Dieta mediterranea e camminata in cima alla prevenzione oncologica del tumore al seno

Dieta mediterranea e camminata in cima alla prevenzione oncologica del tumore al seno

  • di Redazione
  • 2 Giugno 2026
  • Italia ed estero

Secondo uno studio italiano presentato ad ASCO lo stile di vita sano riduce le recidive

Dieta mediterranea e camminata scacciano scacciano la recidiva di tumore al seno. Sì perche uno stile di vita sano è un’ arma efficace nella prevenzione del tumore al seno. Le conferme non mancano e ne arriva proprio una recente raggiunta da uno studio a guida italiana, coordinato dall'Istituto nazionale tumori Pascale di Napoli, presentato al Congresso della Società americana di oncologia clinica (Asco).

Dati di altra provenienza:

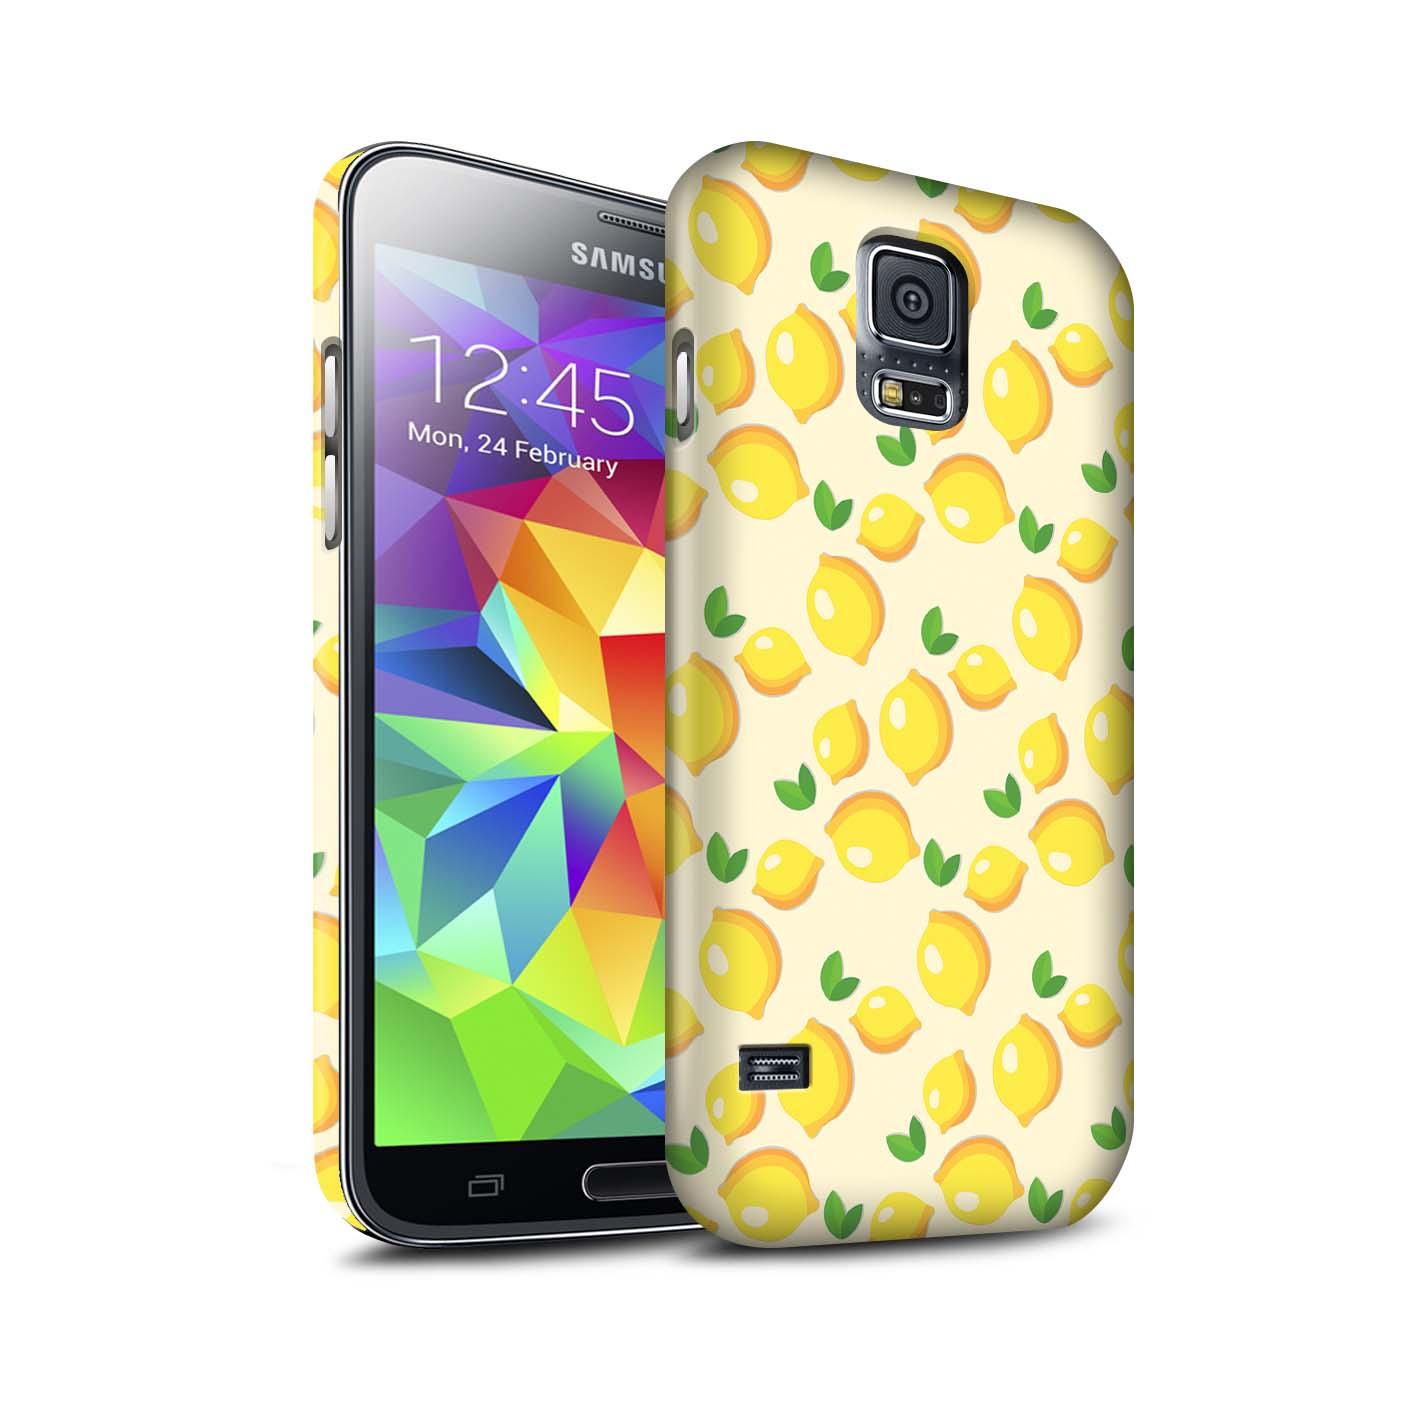 Coque-Etui-Matte-de-STUFF4-pour-Samsung-Galaxy-S5-SV-Mode-Jaune

E’ stato infatti dimostrato che un regime giornaliero basato sull'adozione di una dieta mediterranea a basso indice glicemico, camminata veloce quotidiana di 30 minuti e integrazione orale di vitamina D ha portato a minori recidive nelle donne con tumore al seno ormono-positivo - la forma più diffusa che solo in Italia registra oltre 40mila nuovi casi ogni anno - oltre a perdita di peso e riduzione della prevalenza della sindrome metabolica.
La percentuale di recidiva (o ricaduta) a 10 anni per questo tipo di tumore in stadio precoce è scesa oggi in Italia a circa l'11,7% grazie alle terapie adiuvanti (dopo l'intervento chirurgico), tuttavia il rischio varia tra il 10% e il 50% negli stadi più avanzati. Una dieta di scarsa qualità e l'inattività fisica sono due fattori modificabili dello stile di vita che, insieme alla carenza di vitamina D, sono stati associati a esiti sfavorevoli del tumore al seno e alla salute cardiometabolica.
Il focus dell'oncologia mondiale si sta dunque concentrando sempre di più anche sugli stili di vita e sono infatti numerosi gli studi di fase III in questo ambito presentati all'ASCO. Già noto, spiega la presidente del programma scientifico di ASCO 2026 e docente di Medicina clinica all'Università della California, Jo Chien, "è lo studio Challenge, che ha dimostrato come l'intervento di esercizio fisico strutturato migliori la sopravvivenza nei pazienti con tumore del colon-retto. Ora c'è questo nuovo studio italiano sul tumore al seno: è davvero interessante perché, pur non supportando alcun intervento specifico, suggerisce che la modifica dello stile di vita può portare a migliori risultati nella lotta contro il cancro, e questo potrebbe essere mediato dalla perdita di peso e da fattori metabolici. Cruciale è l'esercizio fisico e l'associazione che stiamo osservando negli studi tra perdita di peso e risultati migliori. Quindi il consiglio ai pazienti è di inserire queste modifiche nello stile di vita".

Questo studio "è la dimostrazione che lo stile di vita non è un complemento accessorio della cura oncologica, ma una sua parte integrante", sottolinea Michelino De Laurentiis, direttore del dipartimento di Oncologia Senologica e Toraco-Polmonare dell'Istituto dei tumori di Napoli e autore senior del lavoro.